Forecast and survivalThe prognosis depends on underlying cause: a good prognosis for idiopathic atrial fibrillation and a poor prognosis for ischemic cardiomyopathy. A healthy lifestyle, regular blood pressure checks, and treatment for high blood pressure can reduce occurrence of heart problems that lead to atrial fibrillation.
Some results of studyStudy shows that women are more likely than men to form dangerous blood clots in patients with atrial fibrillation who are not taking anticoagulant drug warfarin. Another study found that men who were angry or expected worst were more likely to develop an irregular heart rhythm called atrial fibrillation.
Links1. Fuster V., Rieden le, Cannom D.S. et al. (2006). “The 2006 ACC/AHA/ESC Guidelines for Management of Atrial Fibrillation: Report of American College of Cardiology/American Heart Association Task Force on Practice Guidelines and European Society of Cardiology Committee on Practice Guidelines (Committee to Revise 2001 Guidelines for Management of Atrial Fibrillation ): Collaboration with European Report prepared in collaboration with Heart Rhythm Society and Heart Rhythm Society.” No. 114(7): E 257-354.
2. Go As, Hylek EM, Phillips Ka et al. (2001). "Adult atrial fibrillation diagnostic rates: national implications for rhythm control and stroke prevention: anticoagulant therapy and risk factors in atrial fibrillation (atrial) study". JAMA 285(18):2370-5.

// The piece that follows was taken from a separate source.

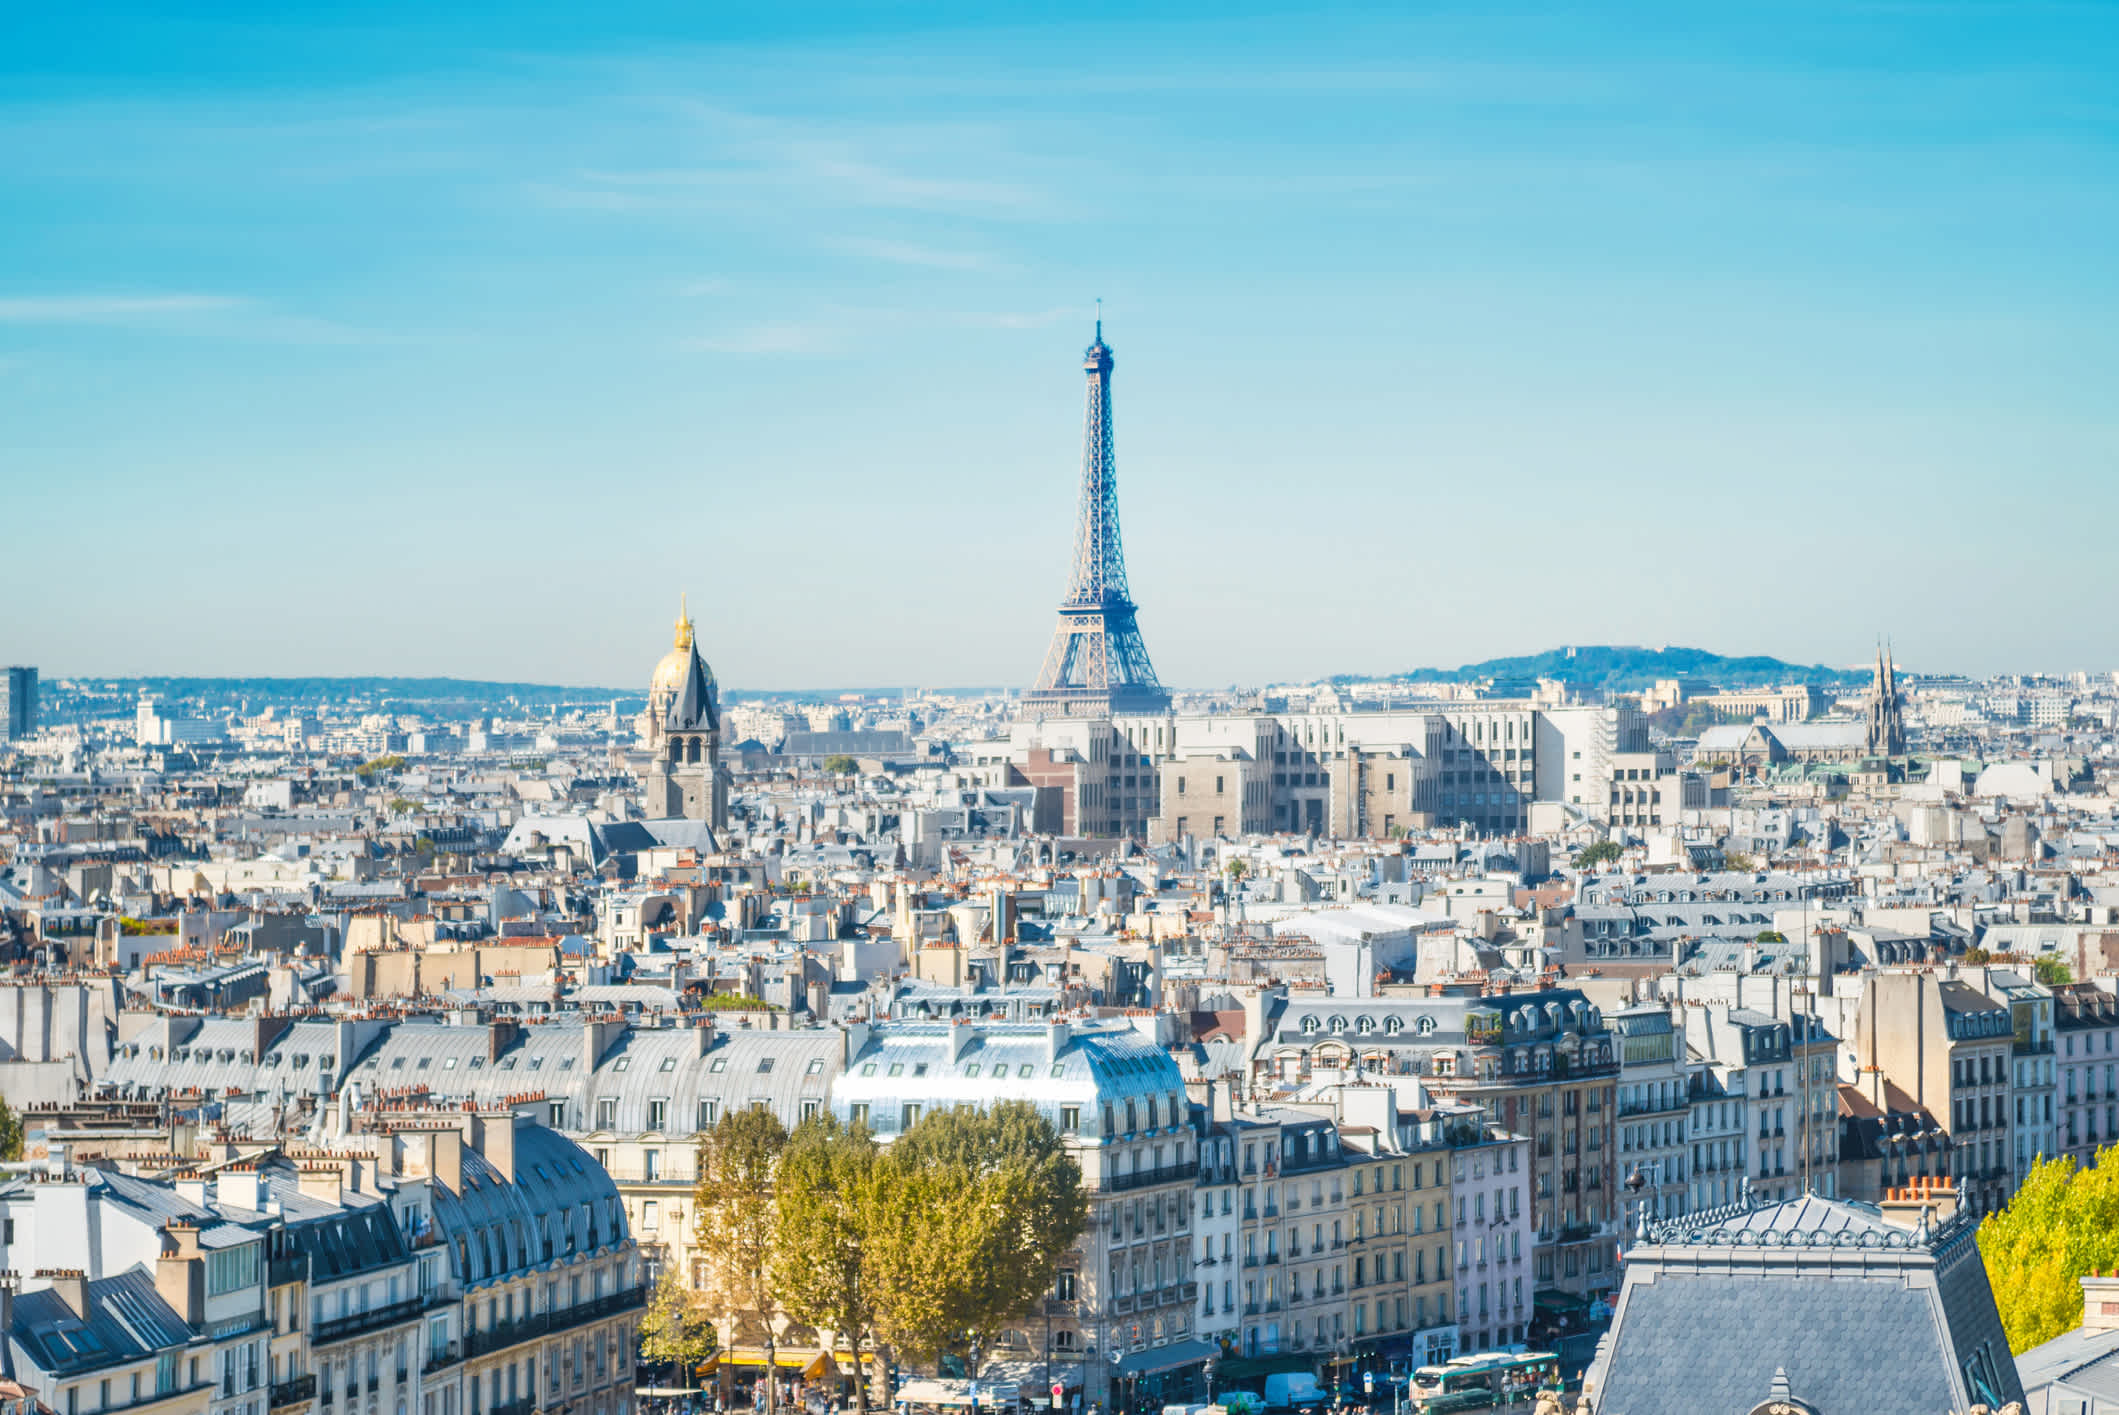 Pariser Stadtbild mit Eiffelturm, Frankreich

3. Go As, Hylek EM, Phillips Ka, Chang Y, Henault le, Selby JV, Singer DE (2001). "Adult atrial fibrillation diagnostic rates: national implications for rhythm control and stroke prevention: anticoagulant therapy and risk factors in atrial fibrillation (atrial) study". JAMA 285(18):2370-5.
4. Gage B.F., Waterman A.D., Shannon W., Behler M., Rich M.W., Radford M.J. (2001). "Confirmation of a clinical classification scheme for stroke prediction: findings from National Atrial Fibrillation Registry". JAMA 285(22):2864-70.